EI is calculated by averaging the leverage of every point in the match. The more high-leverage points, the higher the EI. To make the results a bit more viewer-friendly, I multiply the average leverage by 1,000, so if the typical point has the potential for a 5% (0.05) swing, the EI is 50. The most boring matches, like Garbine Muguruza‘s 6-1 6-0 dismantling of Ekaterina Makarova in Rome, rate below 25. The most exciting will occasionally top 100, and the average WTA match this year scored a 53.7. By comparison, the average ATP match this year rated at 48.9.
Of course, the number and magnitude of crucial moments isn’t the only thing that can make a tennis match “exciting.” Finals tend to be more gripping than first-round tilts, long rallies and daring net play are more watchable than error-riddled ballbashing, and Fed Cup rubbers feature crowds that can make the warmup feel like a third-set tiebreak. When news outlets make their “Best Matches of 2016” lists, they’ll surely take some of those other factors into account.
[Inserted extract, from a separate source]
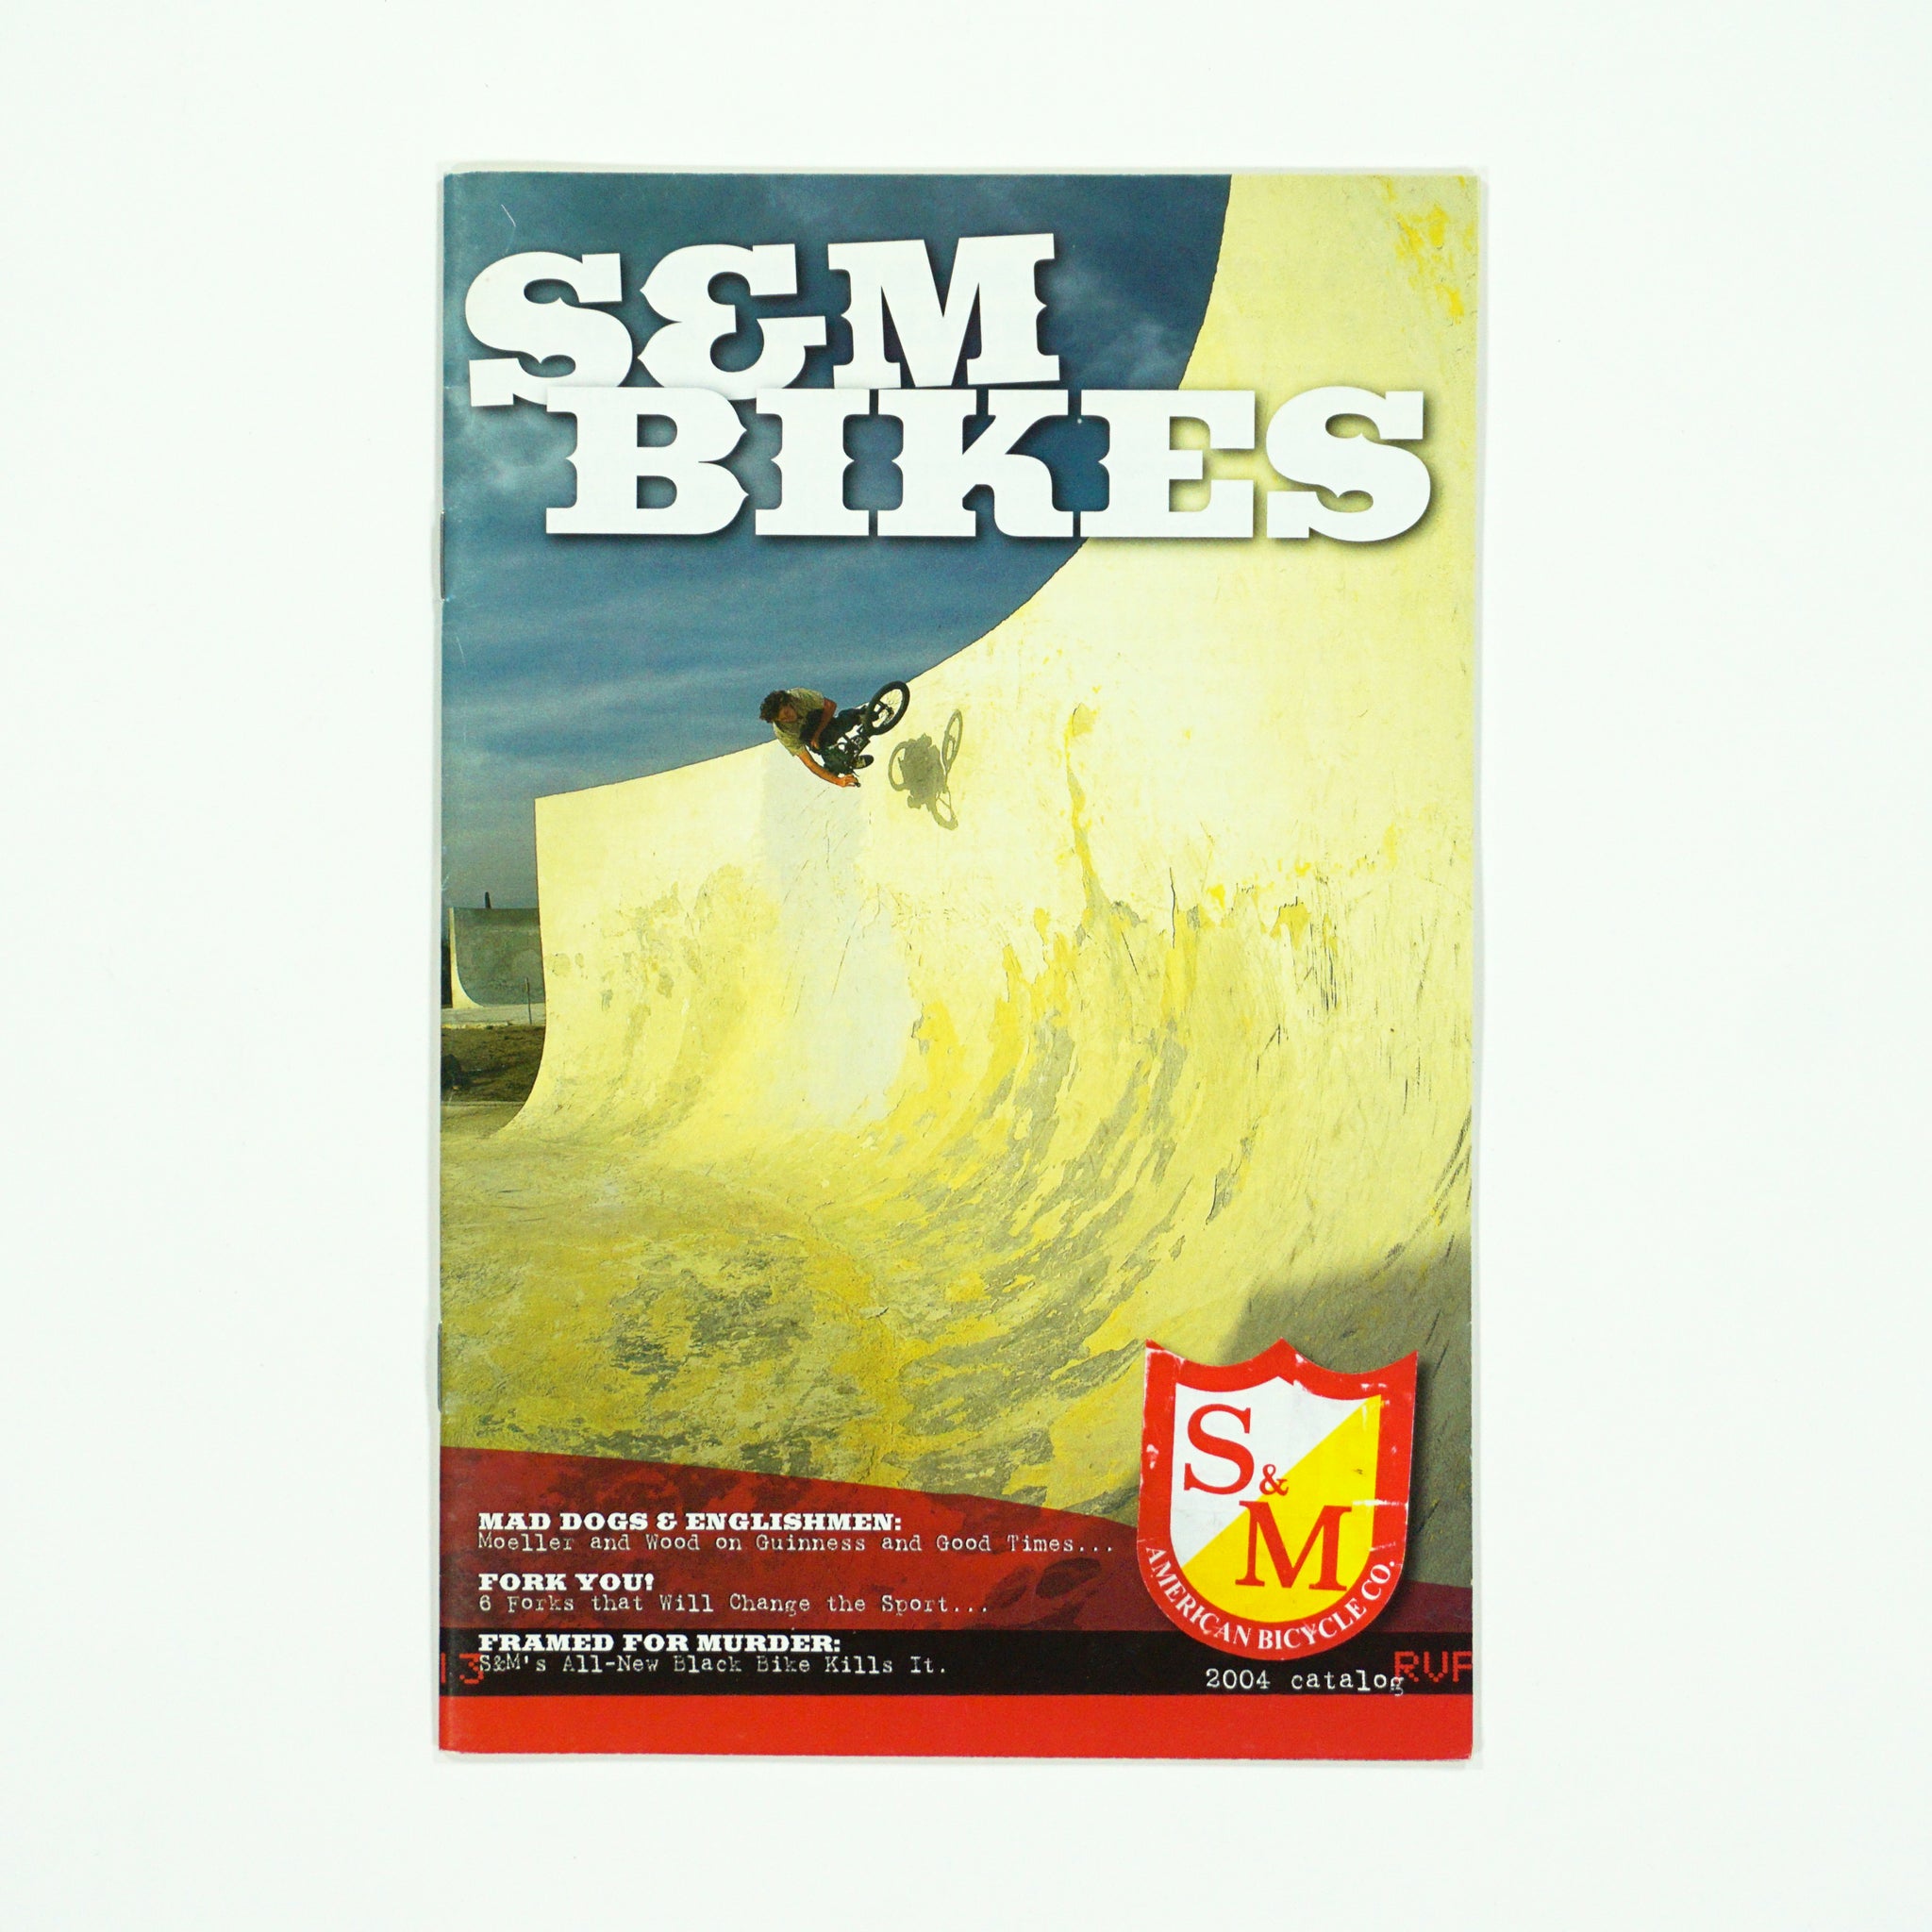 S&M Bikes - 2004 Catalog

EI takes a narrower view, and it is able to show us which matches, independent of context, offered the most pressure-packed tennis.
Here are the top ten matches of the 2016 WTA season, ranked by EI:
Tournament Match Score EI Charleston Lucic/Mladenovic 4-6 6-4 7-6(13) 109.9 Wimbledon Cibulkova/Radwanska 6-3 5-7 9-7 105.0 Wimbledon Safarova/Cepelova 4-6 6-1 12-10 101.7 Kuala Lumpur Nara/Hantuchova 6-4 6-7(4) 7-6(10) 100.2 Brisbane CSN/Lepchenko 4-6 6-4 7-5 99.0 Quebec City Vickery/Tig 7-6(5) 6-7(3) 7-6(7) 98.5 Miami Garcia/Petkovic 7-6(5) 3-6 7-6(2) 98.1 Wimbledon Vesnina/Makarova 5-7 6-1 9-7 97.2 Beijing Keys/Kvitova 6-3 6-7(2) 7-6(5) 96.8 Acapulco Stephens/Cibulkova 6-4 4-6 7-6(5) 96.7
Getting to 6-6 in the final set is clearly a good way to appear on this list. The top fifty matches of the season (out of about 2,700) all reached at least 5-5 in the third. The highest-rated clash that didn’t get that far was Angelique Kerber‘s 1-6 7-6(2) 6-4 defeat of Elina Svitolina, with an EI of 88.2. Svitolina’s 4-6 6-3 6-4 victory over Bethanie Mattek Sands in Wuhan, the top match on the list without any sets reaching 5-5, scored an EI of 87.3.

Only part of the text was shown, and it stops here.